By Morgan Pilz, Staff Writer

(Feb. 27, 2020) Two math teachers and the Coordinator of Instruction provided a presentation depicting how solving math problems mentally can create problem solving students during the monthly Worcester County Public Schools Board of Education meeting on Tuesday, Feb. 18.

Kirsten Danisavich

Coordinator of Instruction Kirsten Danisavich and math teachers Connie West and Regina Dashiell shared their findings on a program called Number Talks, which has a goal to create “numerically nimble students.”

“It means that they can take numbers apart and put them back together again,” Danisavich said. “They can decompose them and recompose them. That’s the foundation of algebraic reasoning.”

By talking about the numbers out loud to their peers, teachers hope students will be able to adapt faster at expressing how to solve the equations, which will make them better communicators, which also helps them become better writers.

This program, incorporated into grades kindergarten through 12th grade, spends 5-10 minutes of the classroom time working on a problem and developing the solutions.

Danisavich displayed some hand signals used to help keep all students accountable and participate in the activity so the problems are not always solved by the same students who always raise their hands.

The entire equation must be solved with mental math only, with no pen, pencils, paper or calculators to help. This is designed to help keep the students fluid with their facts.

“Students are presented with a problem and given time to develop an answer for it,” West said. “The teacher will present a problem and they are given quiet think time to develop their strategies.”

Once the think time is over, the teacher will poll from the students, who will then share their strategies with each other and explain their thought process on how they came up with that solution.

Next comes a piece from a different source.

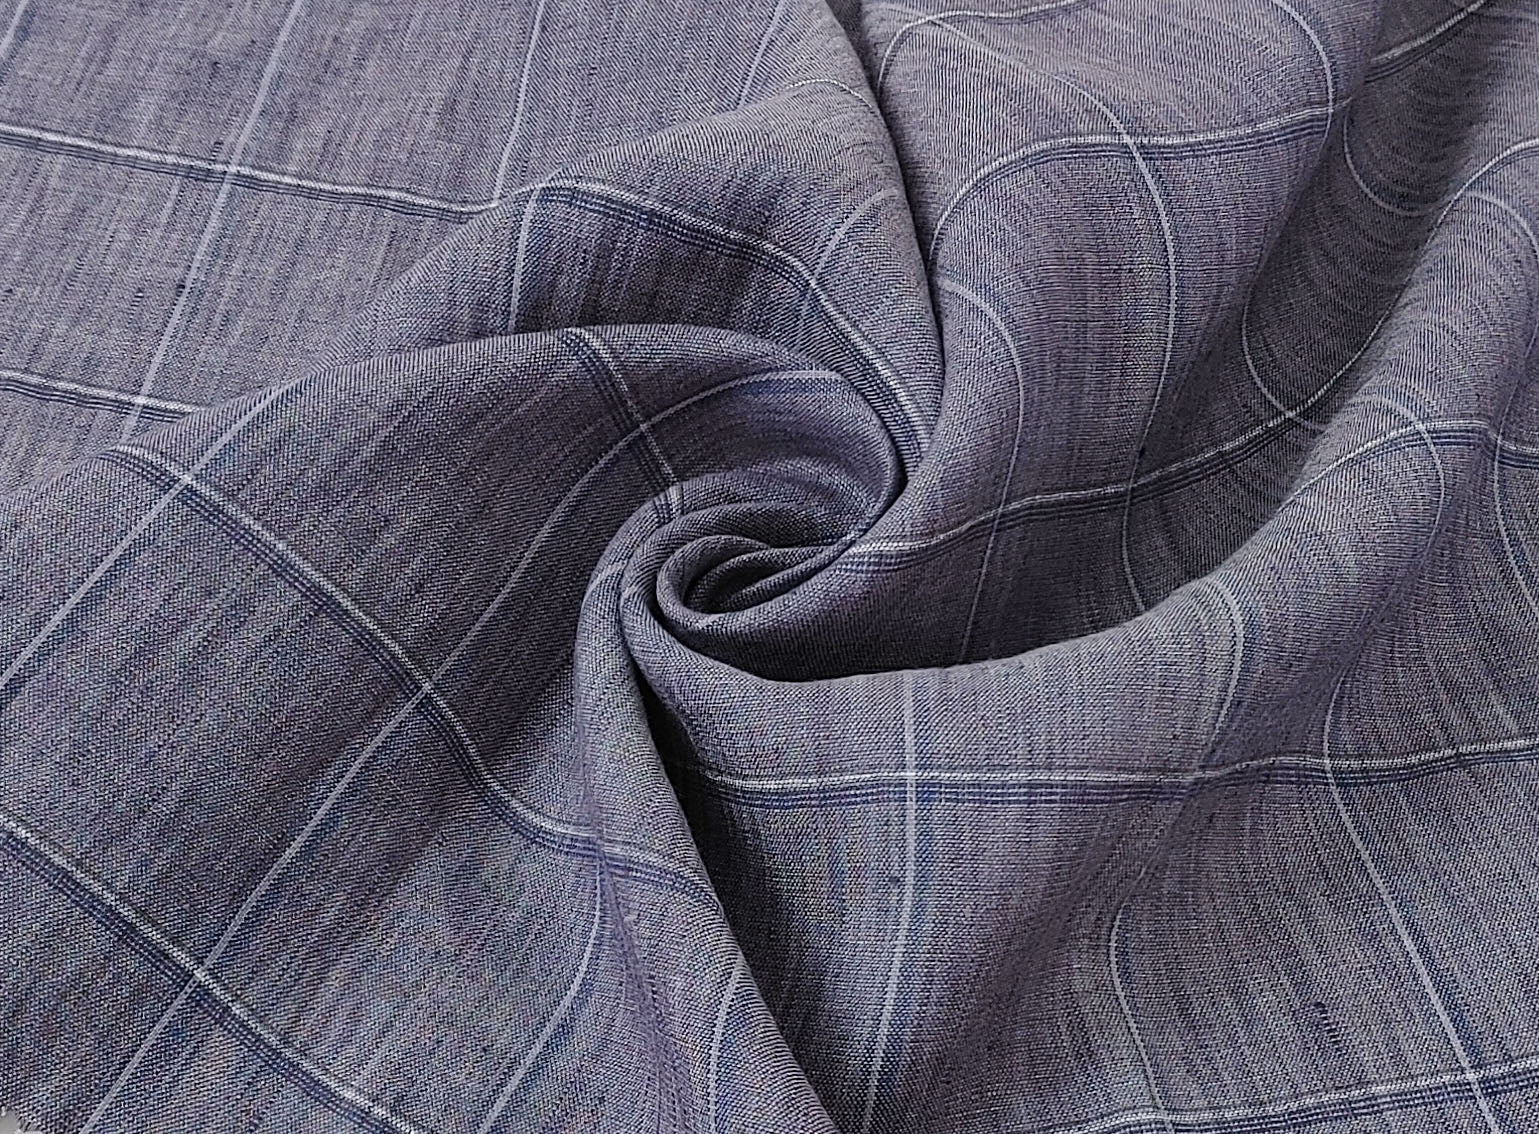 Lightweight Grey Window Pane Check: 100% Linen Fabric 3850 - The Linen Lab - Gray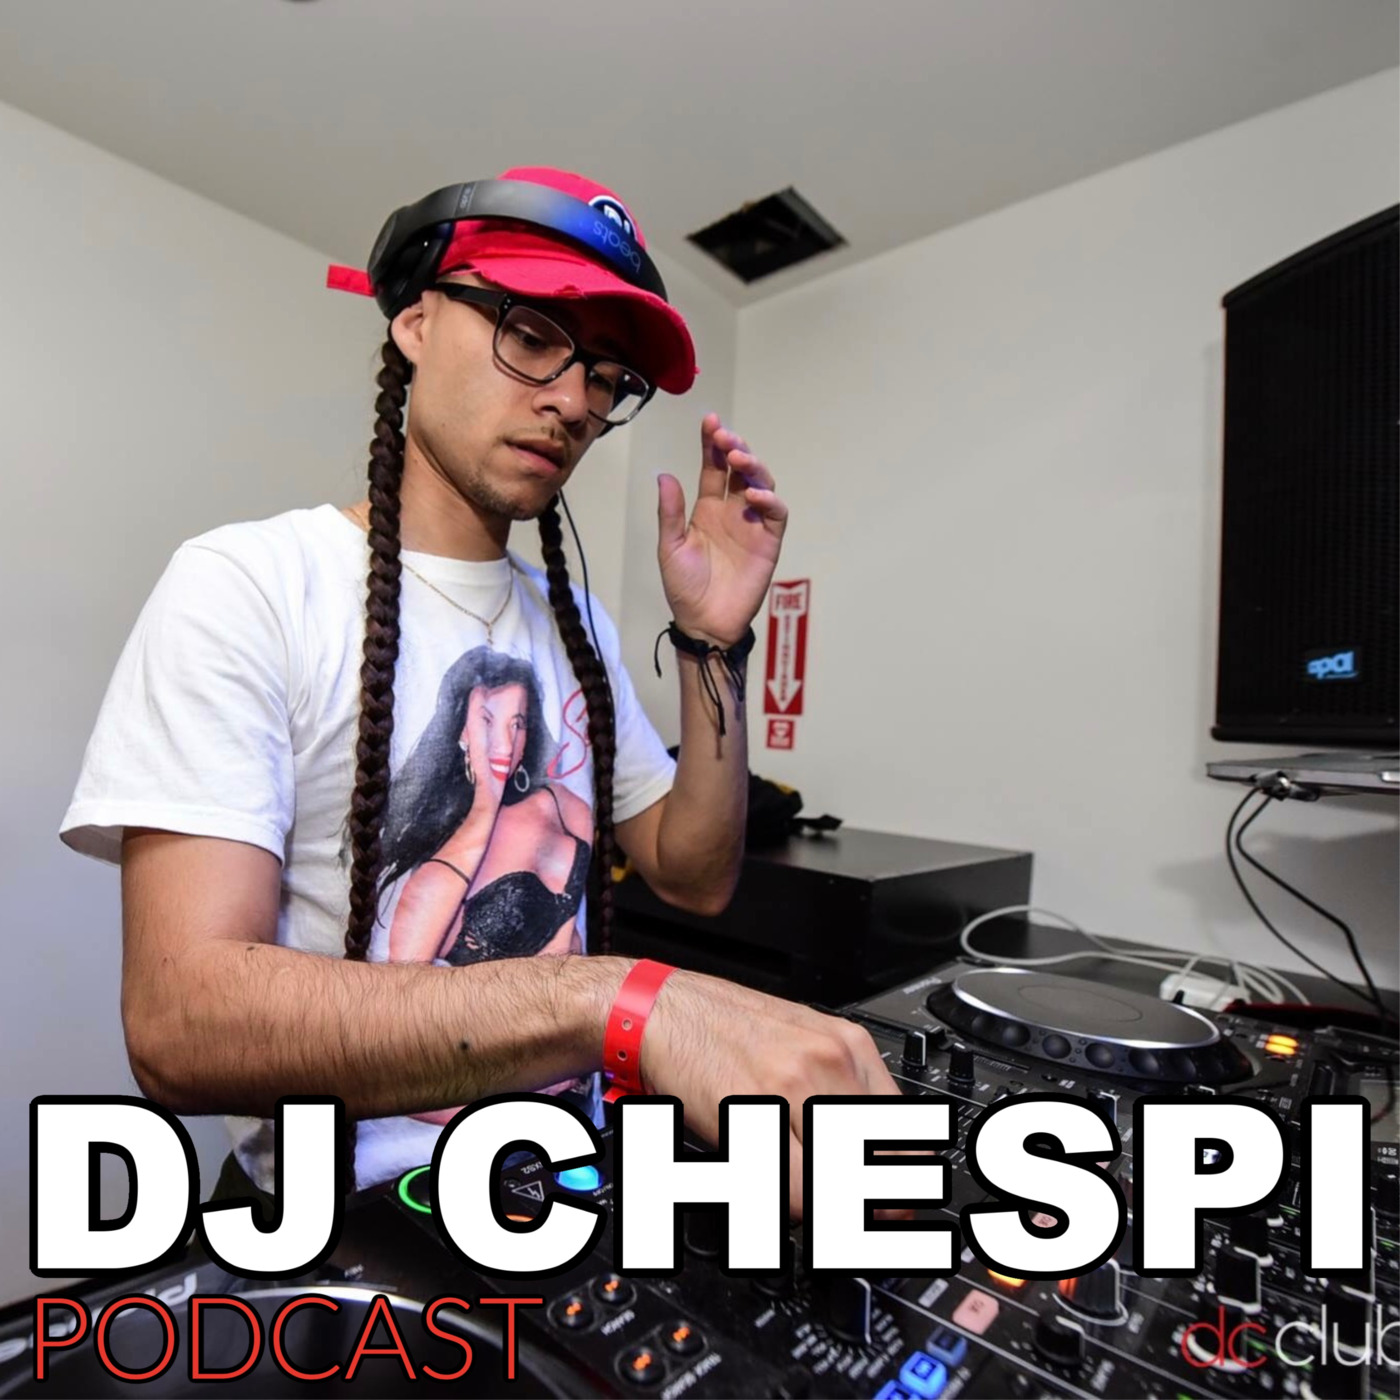 DJ CHESPI

Once example provided during the presentation was a fourth-grade problem asking to solve 2,500×6. In a short video that showed student responses, one child showed their work by explaining that 2,000×6 equals 12,000; 500×6 equals 3,000; so, 12,000 plus 3,000 equals 15,000.

Each child must present their answer out loud to their peer, who can then agree or disagree with how they obtained their solution, and share their own solution back.

“Teachers build a culture of no one is smarter than all of us are together,” Dashiell said. “Some norms that the teachers set in place with their students are having respect for everyone’s ideas, setting up individual think time, allowing everyone to share with one another and leave no one behind.”